ACTIVITY — Write out the data below exactly as given, without any of its pictures.

SOURCE DATA —

**********

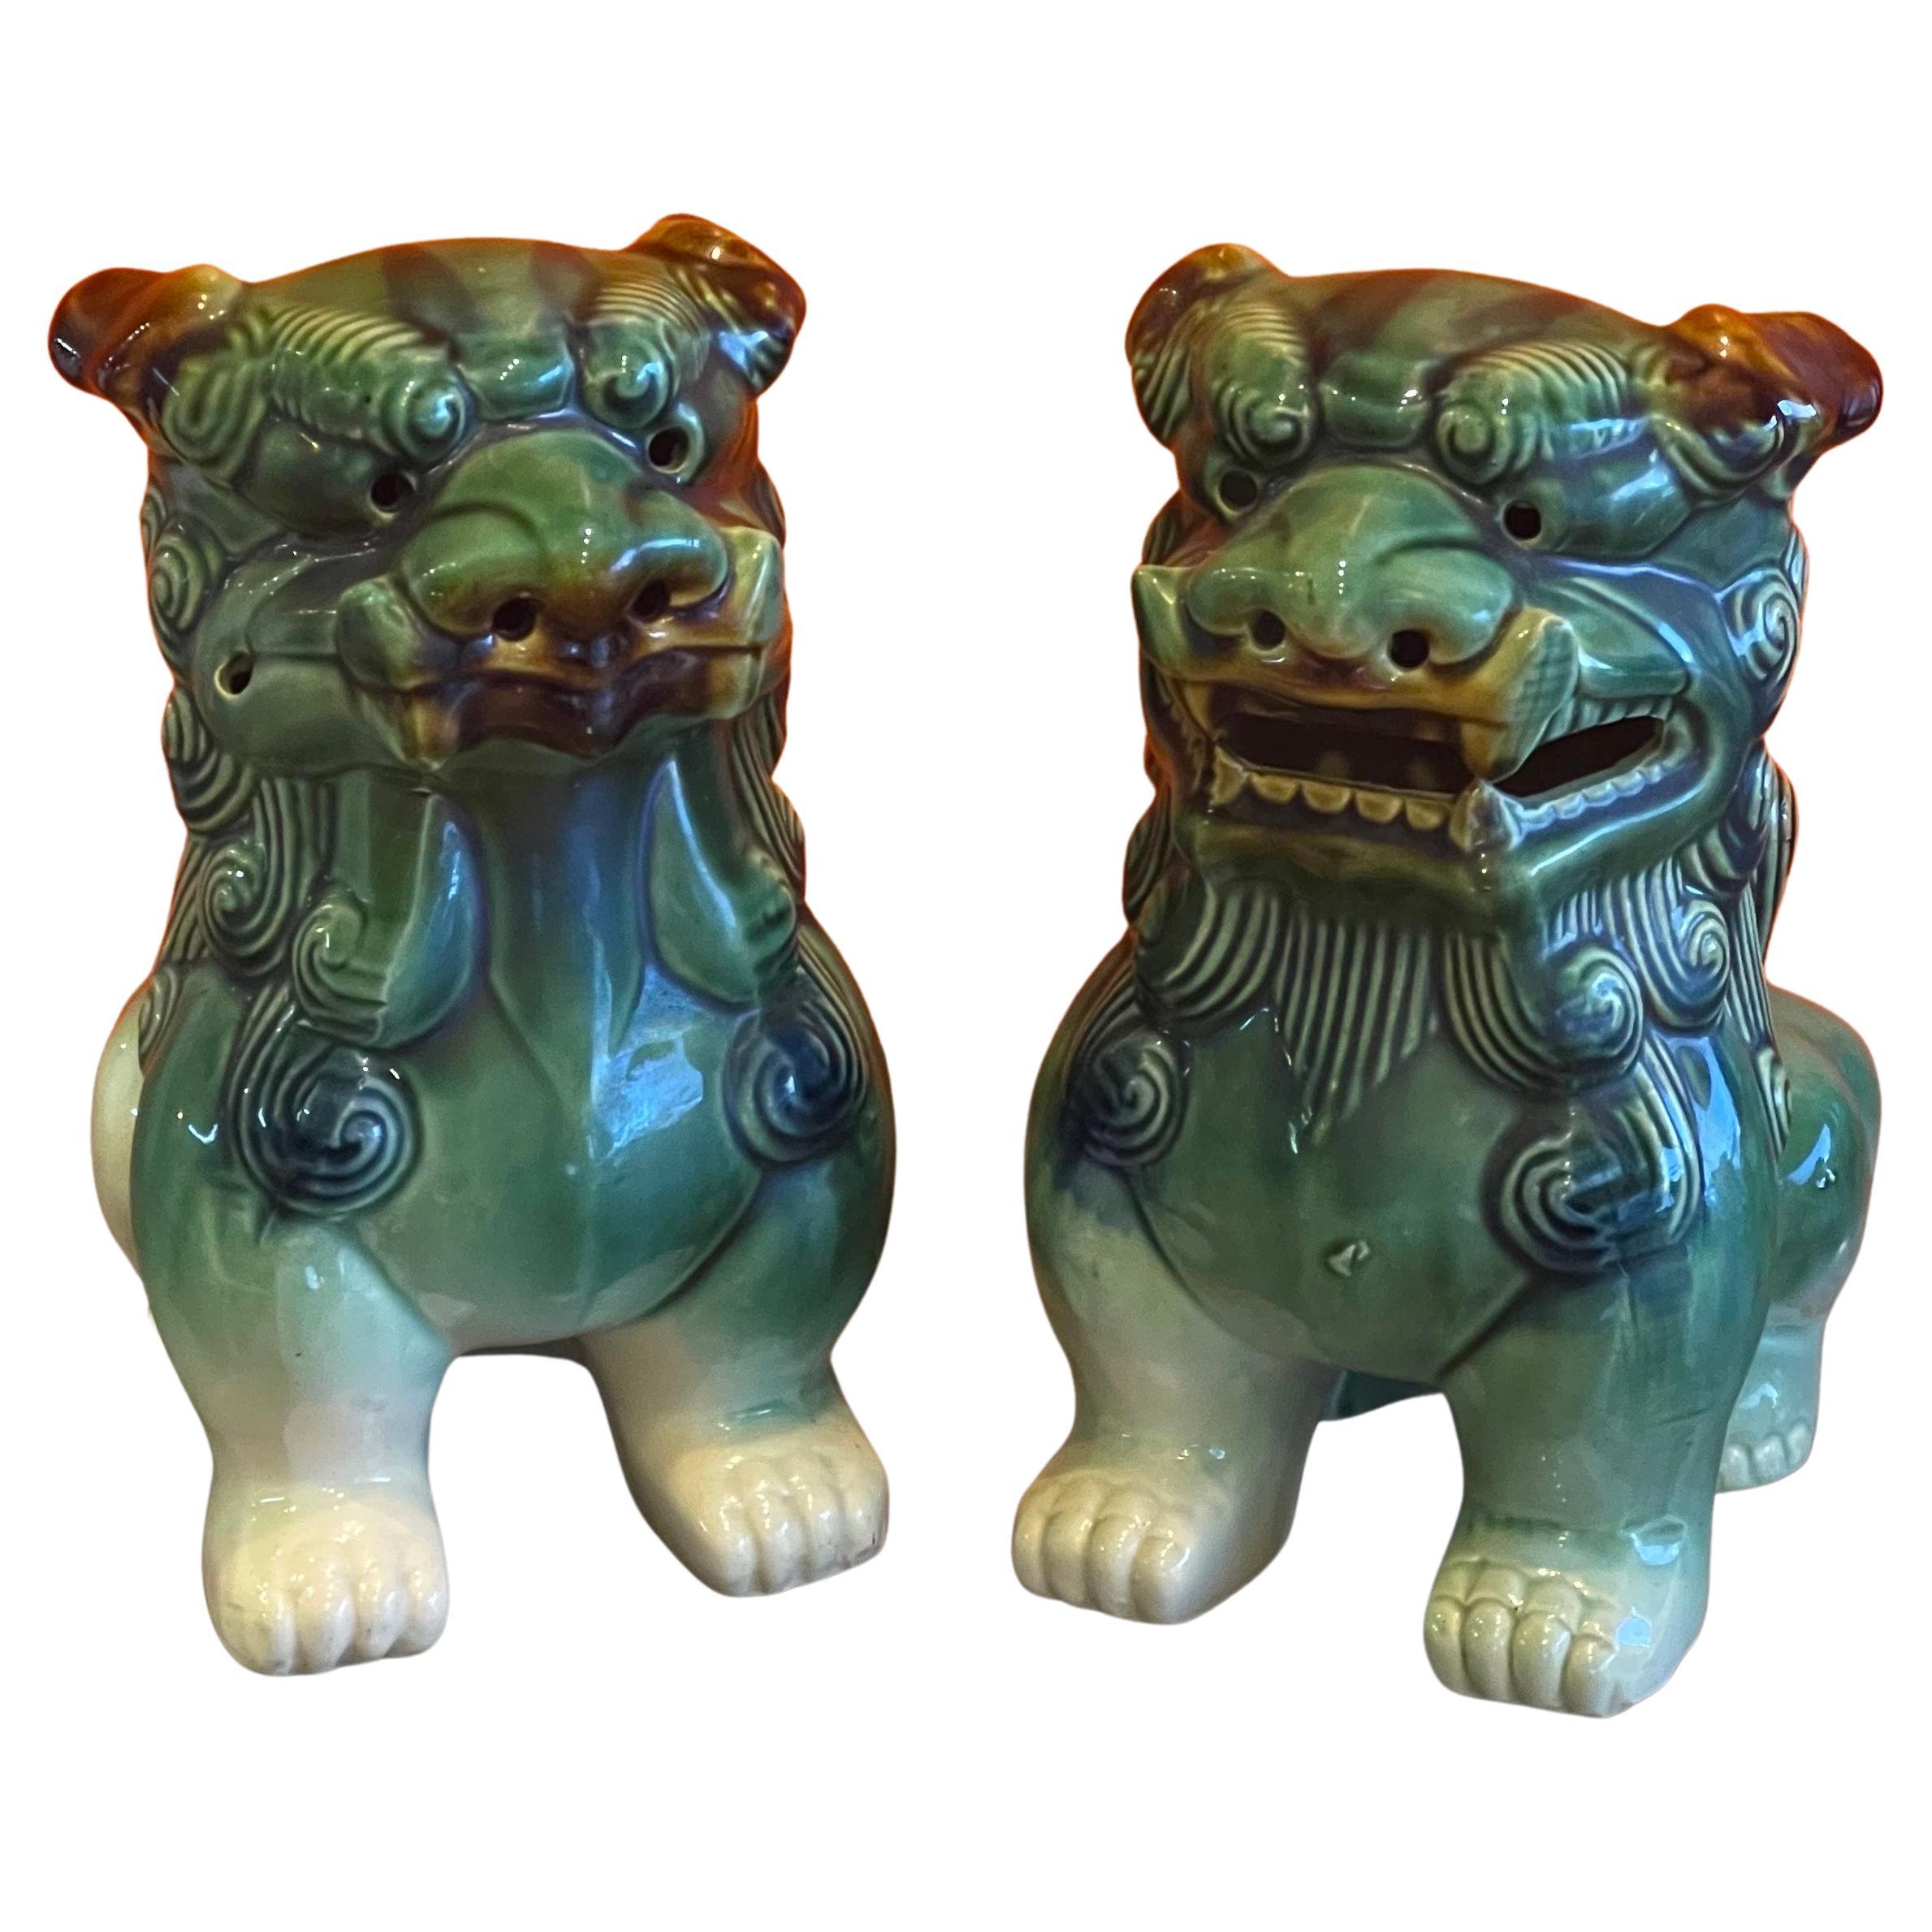 Großartiges Paar polychrom glasierter Keramikhunde aus der Mitte des Jahrhunderts, ca. 1960er Jahre. Tolle Details und eine schöne Farbkombination aus Grün, Braun, Creme und Blau; das Paar misst 12
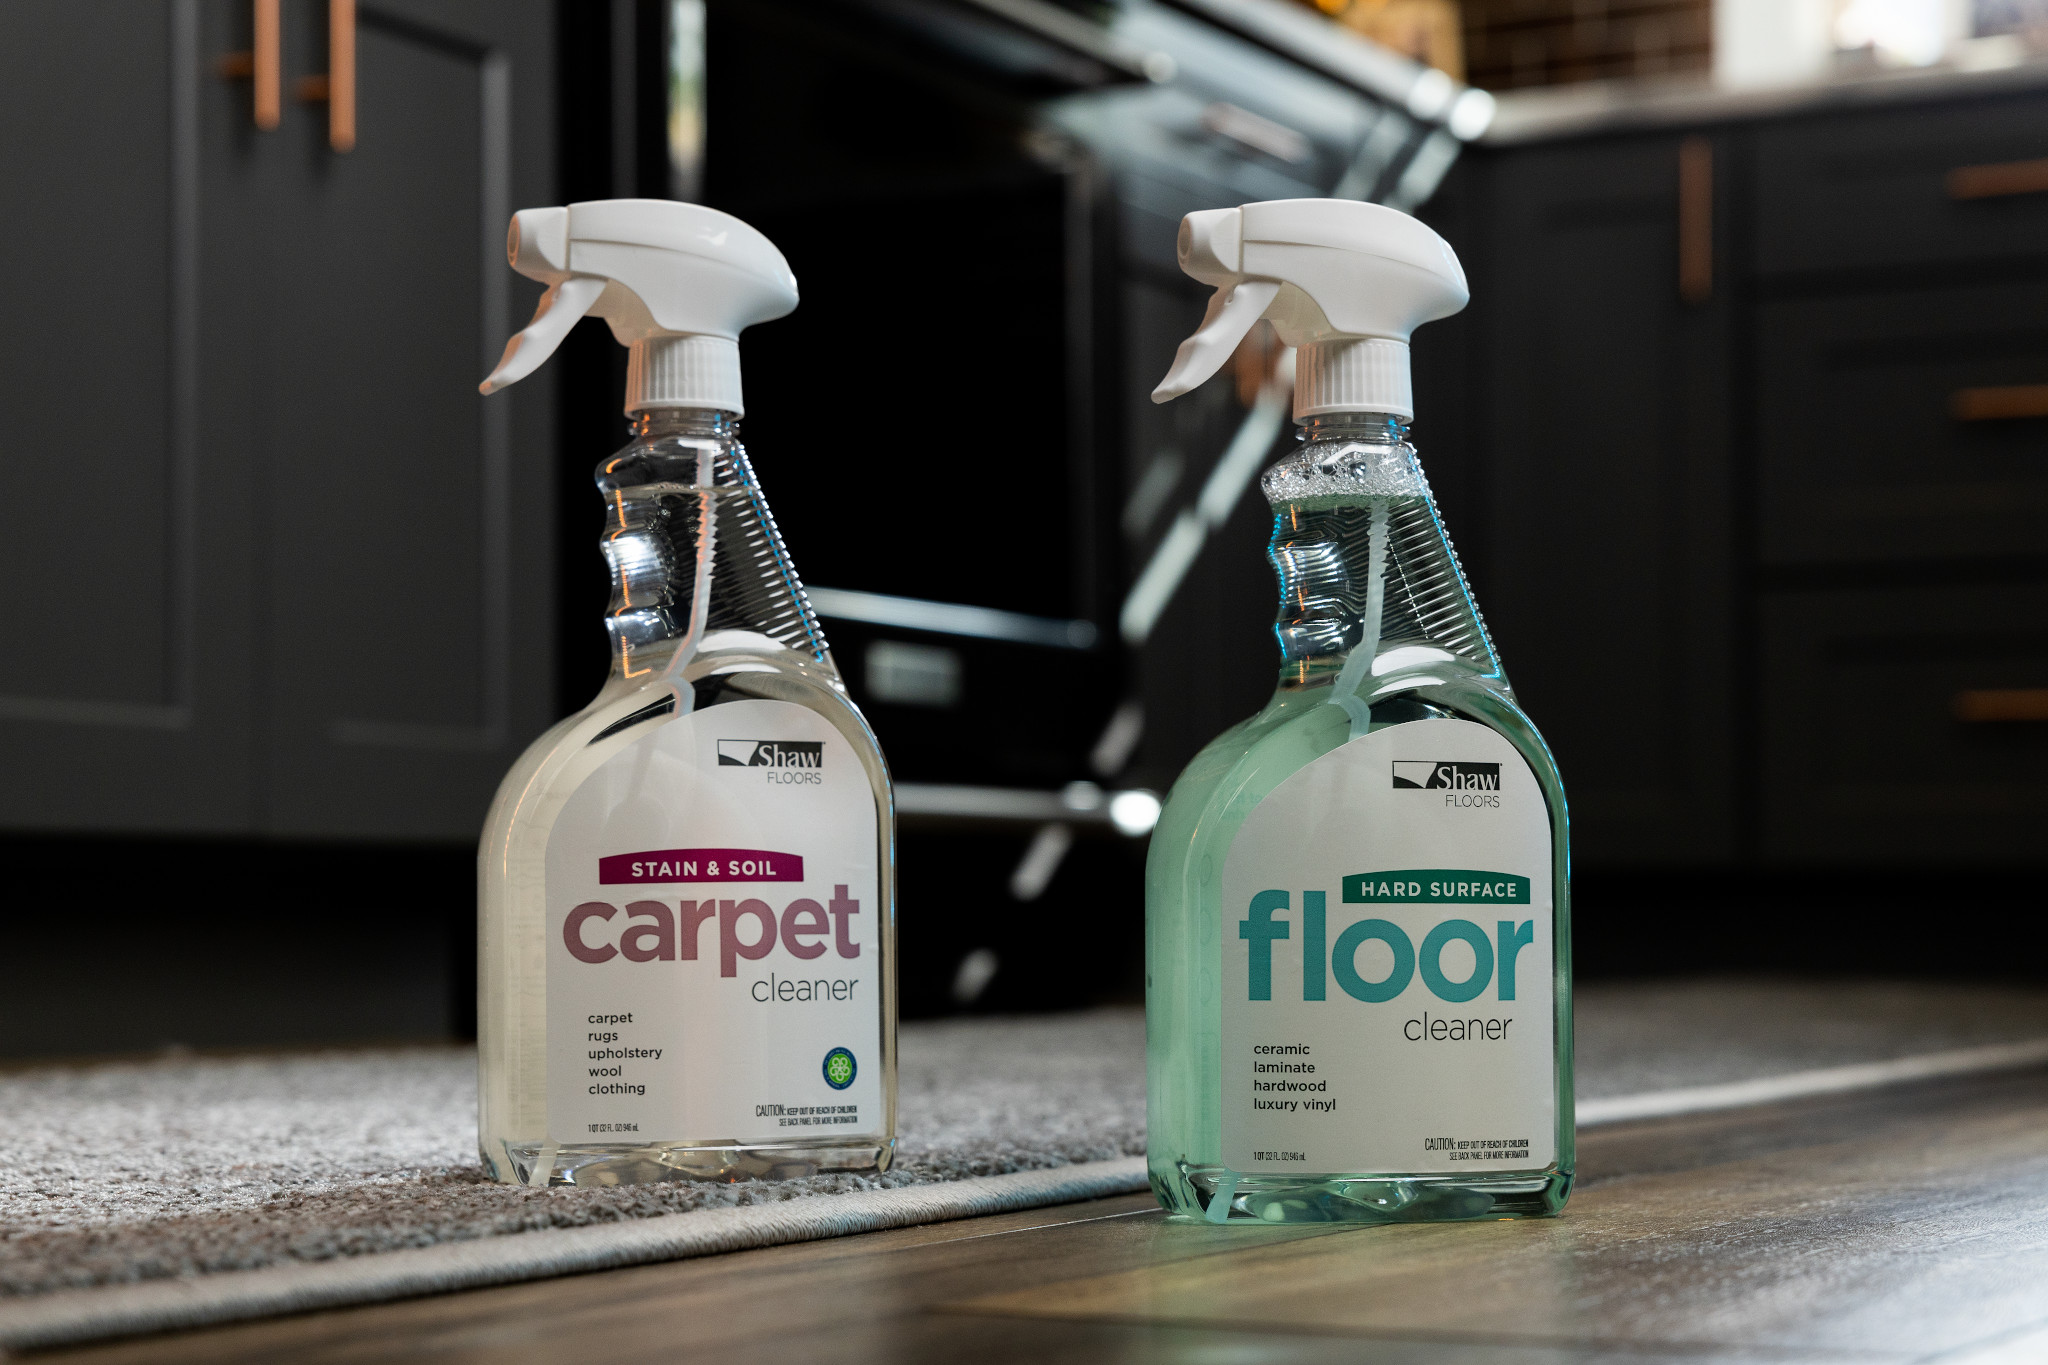 Image of Shaw Floors Carpet Cleaner spray bottle in kitchen.jpg
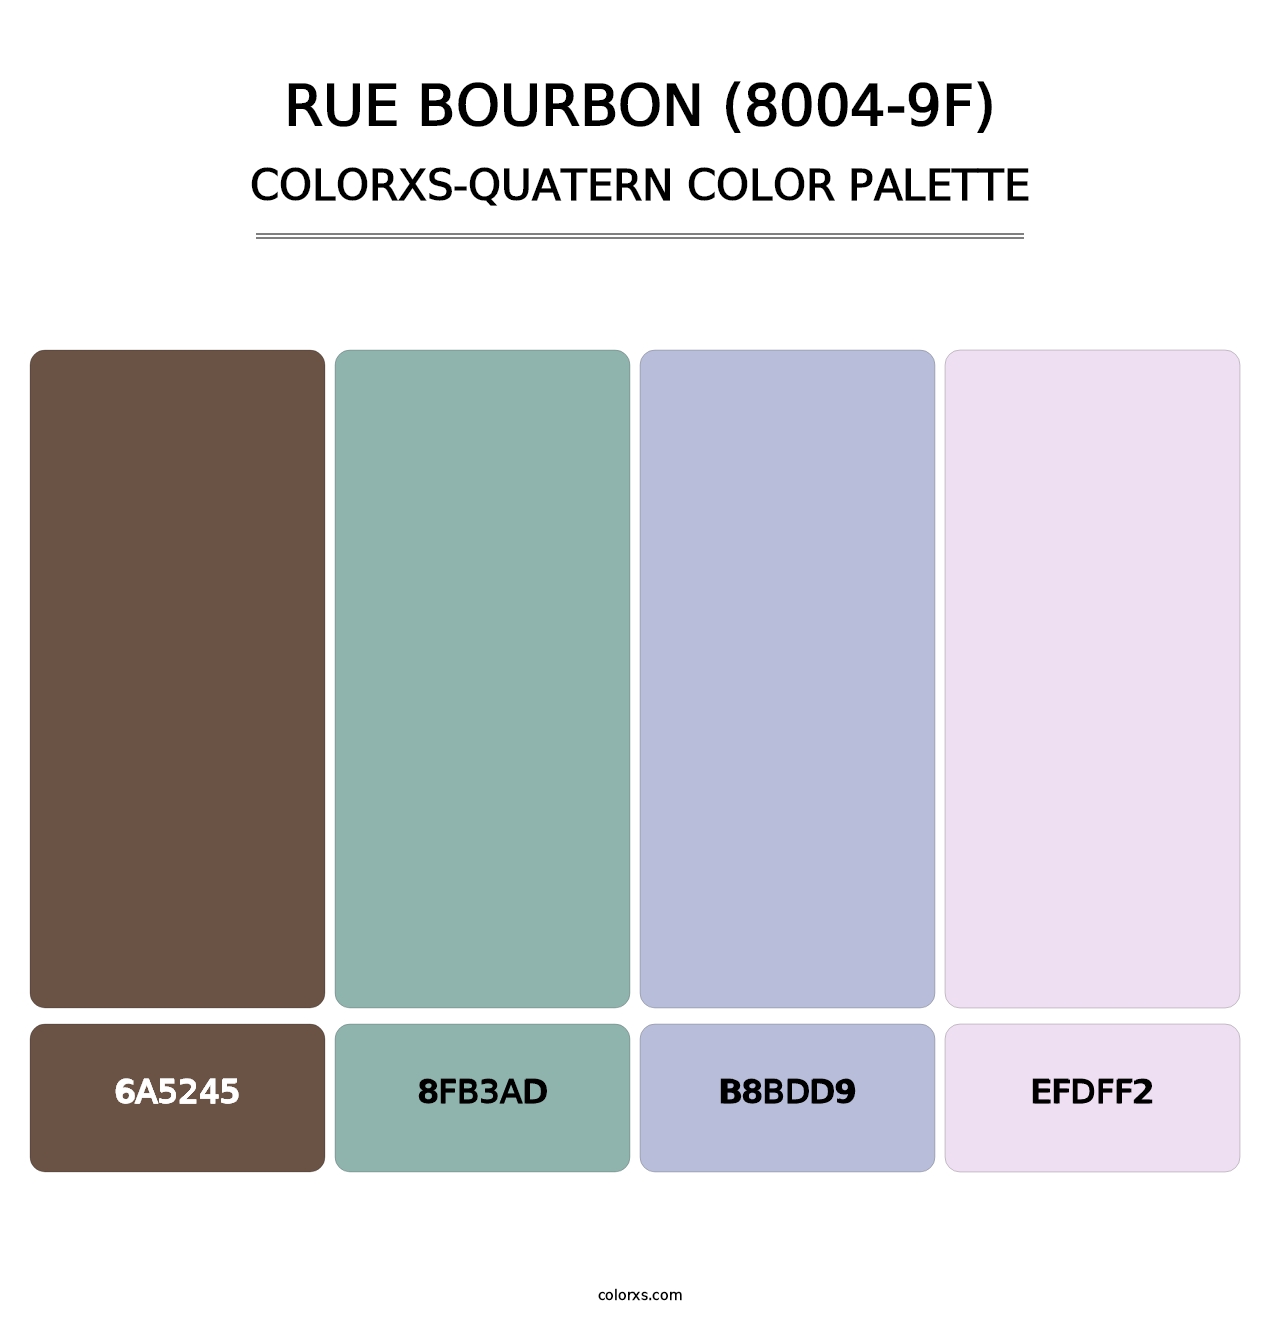 Rue Bourbon (8004-9F) - Colorxs Quatern Palette

**********

ANSWER TO THIS EXERCISE —
 Großartiges Paar polychrom glasierter Keramikhunde aus der Mitte des Jahrhunderts, ca. 1960er Jahre. Tolle Details und eine schöne Farbkombination aus Grün, Braun, Creme und Blau; das Paar misst 12
 Image of Shaw Floors Carpet Cleaner spray bottle in kitchen.jpg
 Rue Bourbon (8004-9F) - Colorxs Quatern Palette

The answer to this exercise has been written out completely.